= Wang Guodong (painter) =

Chinese painter (1931–2019)

Wang Guodong (王国栋; 25 June 1931 – 23 August 2019) was a Chinese painter, known for his giant portraits of Mao Zedong hung on the Tiananmen in Beijing, which are among the world's most recognizable images.

== Early life ==
Wang Guodong was born on 25 June 1931 in Beiping (now Beijing), Republic of China. His family owned the historic casserole restaurant Sha Guo Ju (砂锅居). When the restaurant was nationalized after the founding of the People's Republic of China in 1949, he donated 17 properties under his name to the new government.

== Career ==
In 1964, Wang was chosen to replace Zhang Zhenshi as the lead painter of the giant portrait of Mao Zedong hung on the Tiananmen (Gate of Heavenly Peace) in Beijing. The portrait, measuring 20x15 ft, is about three stories high and weighs about a metric ton. Although a portrait of Mao had hung on the Tiananmen since 1949, Wang was the first artist to paint the portrait by himself; all the previous versions were completed by a team of painters.

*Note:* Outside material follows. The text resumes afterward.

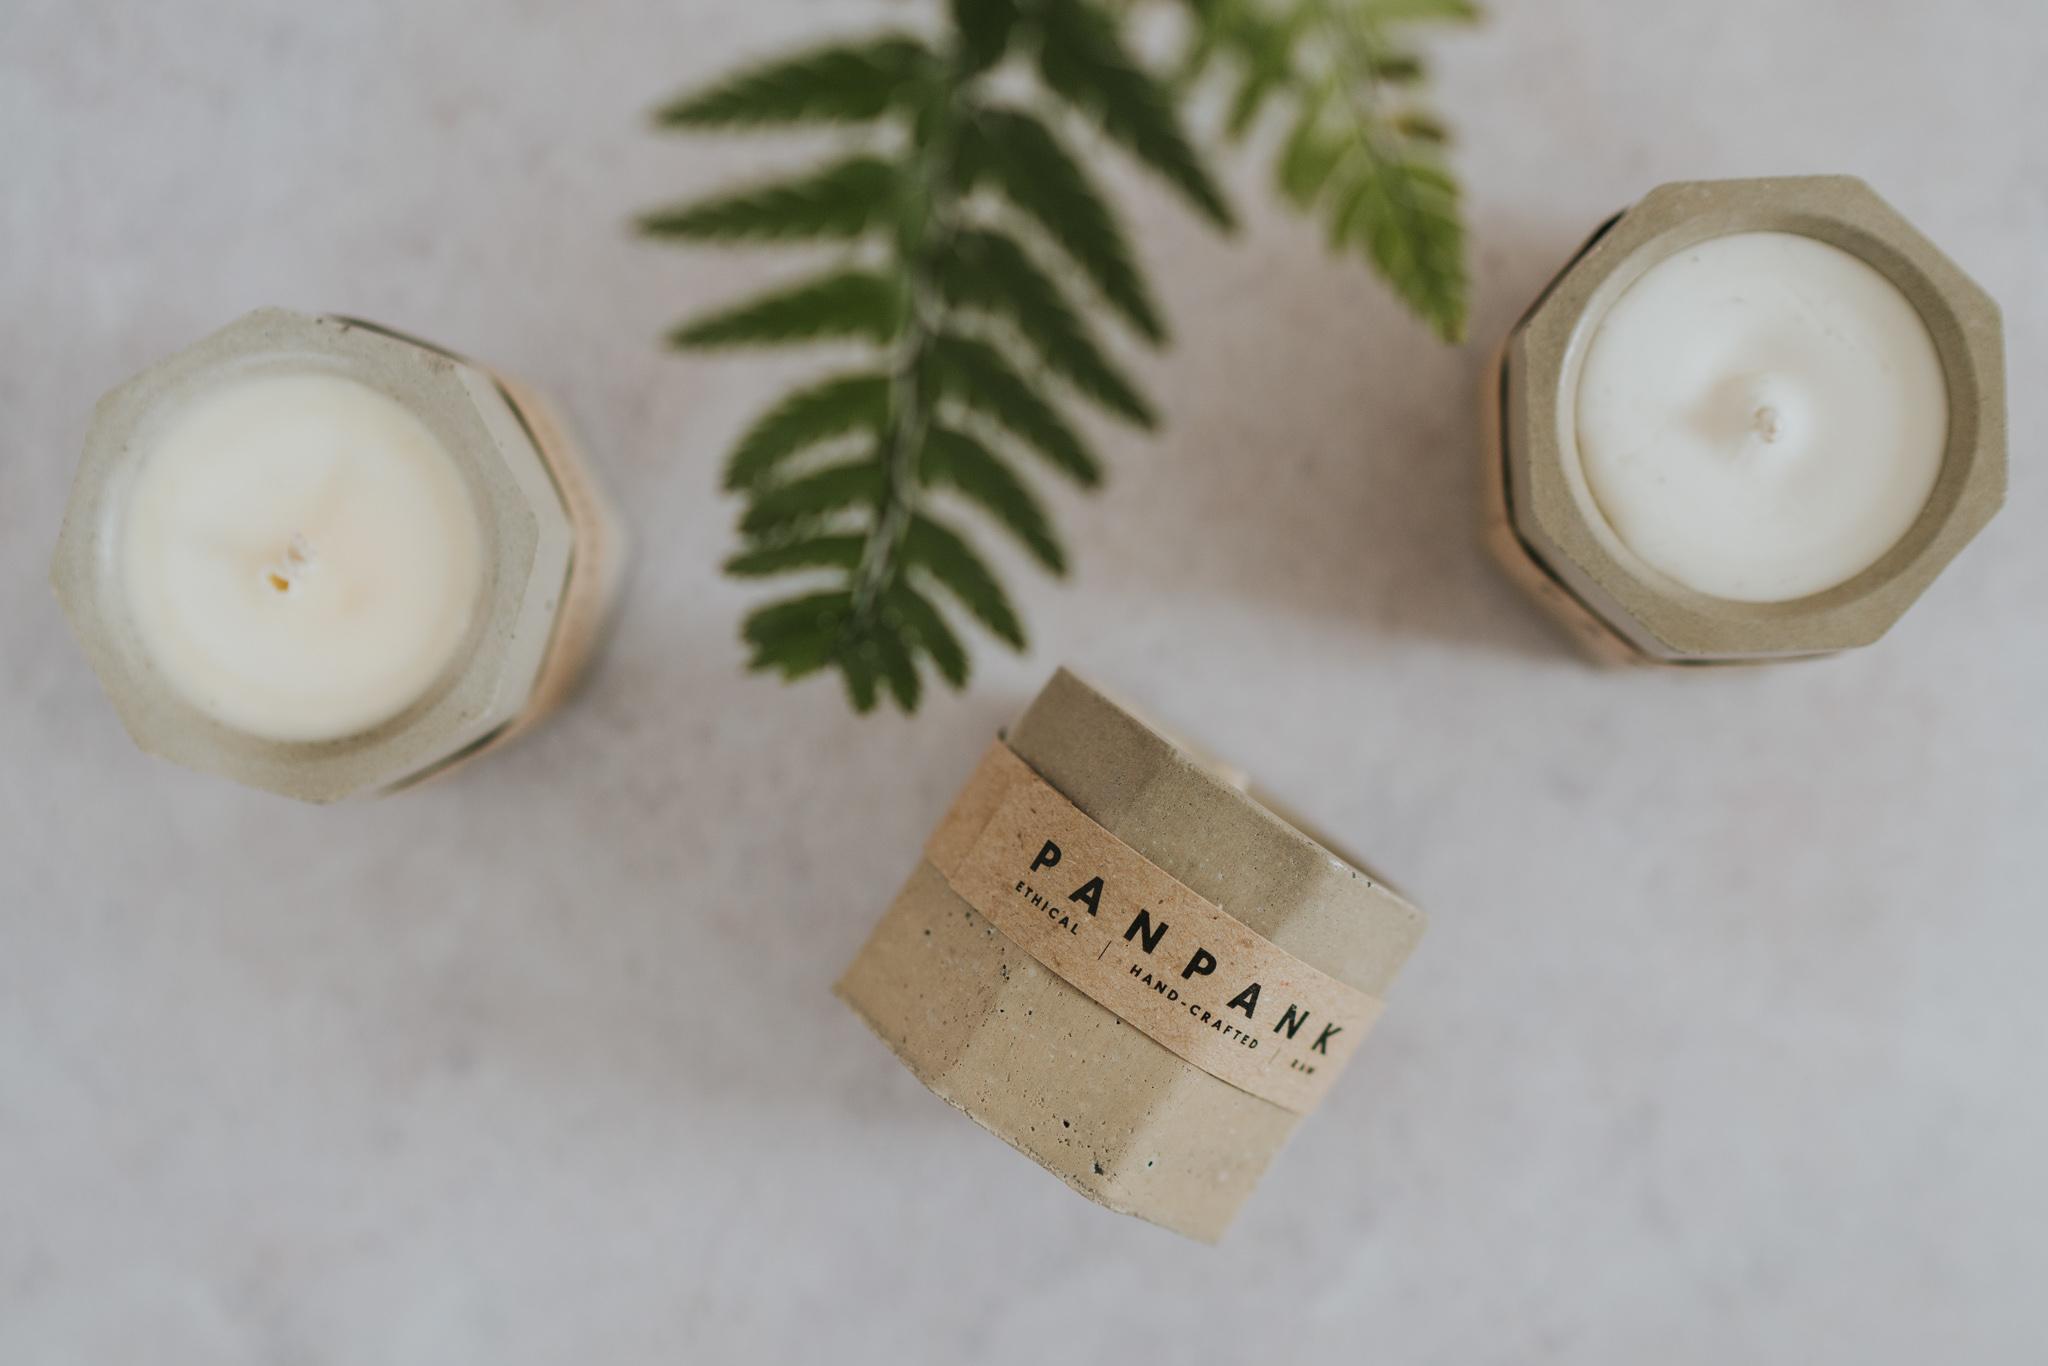 business-branding-panpank-candles-grace-elizabeth-colchester-essex-devon-suffolk-and-norfolk-alternative-wedding-and-family-photographer (11 of 19).jpg

His first portrait was displayed on the Tiananmen on 1 May 1964.

Although the job was considered one of the highest honours for a painter in China, Wang lived in obscurity as he was not allowed to put his name on the painting. Because the portrait is exposed to the elements, Wang painted an identical replacement every year. In late September, just before the National Day of China, the old portrait would be taken down in the night and replaced with the new one. Besides Mao, he also painted portraits of Karl Marx, Friedrich Engels, Vladimir Lenin, and Joseph Stalin.

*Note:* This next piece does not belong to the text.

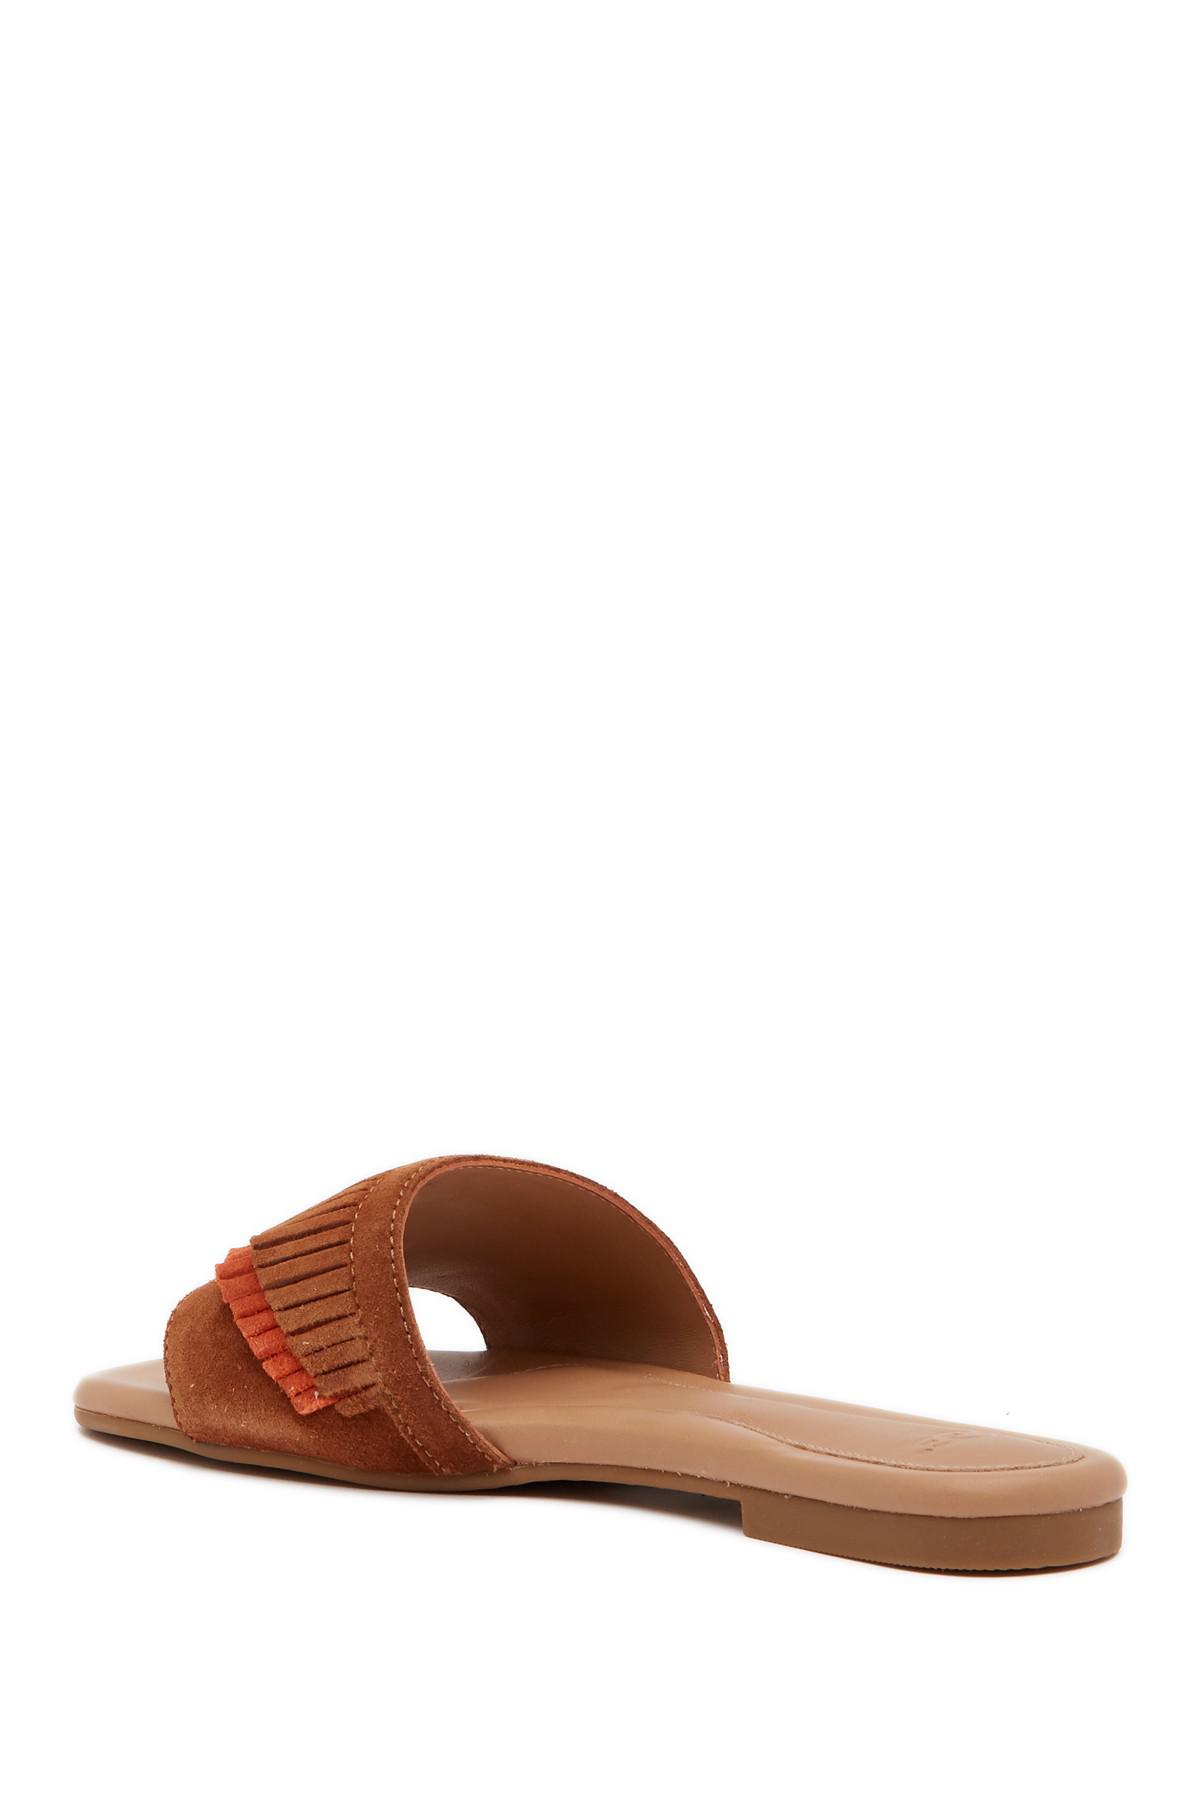 ec0c93442732 Lyst - UGG Binx Fringe Thong Sandal in Brown

During the Cultural Revolution, Wang was persecuted because of his "capitalist" family background and for painting Mao from an angle with only one visible ear. He was accused of implying that Mao only listened to a few people and not the general public. Although Wang argued that the painting was based on a photo issued by the government from which he was not allowed to deviate, he was still publicly humiliated in a struggle session and was sent to work as a carpenter at a framing factory for two years. Throughout the period, he continued to paint the official Mao portrait, now with two ears.

==Retirement and death==
Wang retired in 1976 after training ten apprentices. Two of them, Liu Yang and Ge Xiaoguang, were chosen to paint Mao's portraits on Tiananmen, which have remained identical to Wang's design. As the demand for Mao portraits declined in the 1980s, Liu left the job and Ge has been the only painter of the Tiananmen portraits.

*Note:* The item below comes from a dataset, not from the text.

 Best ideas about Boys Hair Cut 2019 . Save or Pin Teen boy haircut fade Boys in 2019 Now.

On 23 August 2019, Wang died at Beijing No. 6 Hospital, aged 88. He was survived by two sons. He was buried at the Babaoshan Revolutionary Cemetery, an honour normally reserved for the Communist Party elite.

==Influence==
Wang's portraits of Mao are among the world's most recognizable images, comparable to the Mona Lisa. They have inspired Andy Warhol's famous portraits of Mao, which follow Wang's original one-eared design, as well as works by the Chinese artist Wang Guangyi.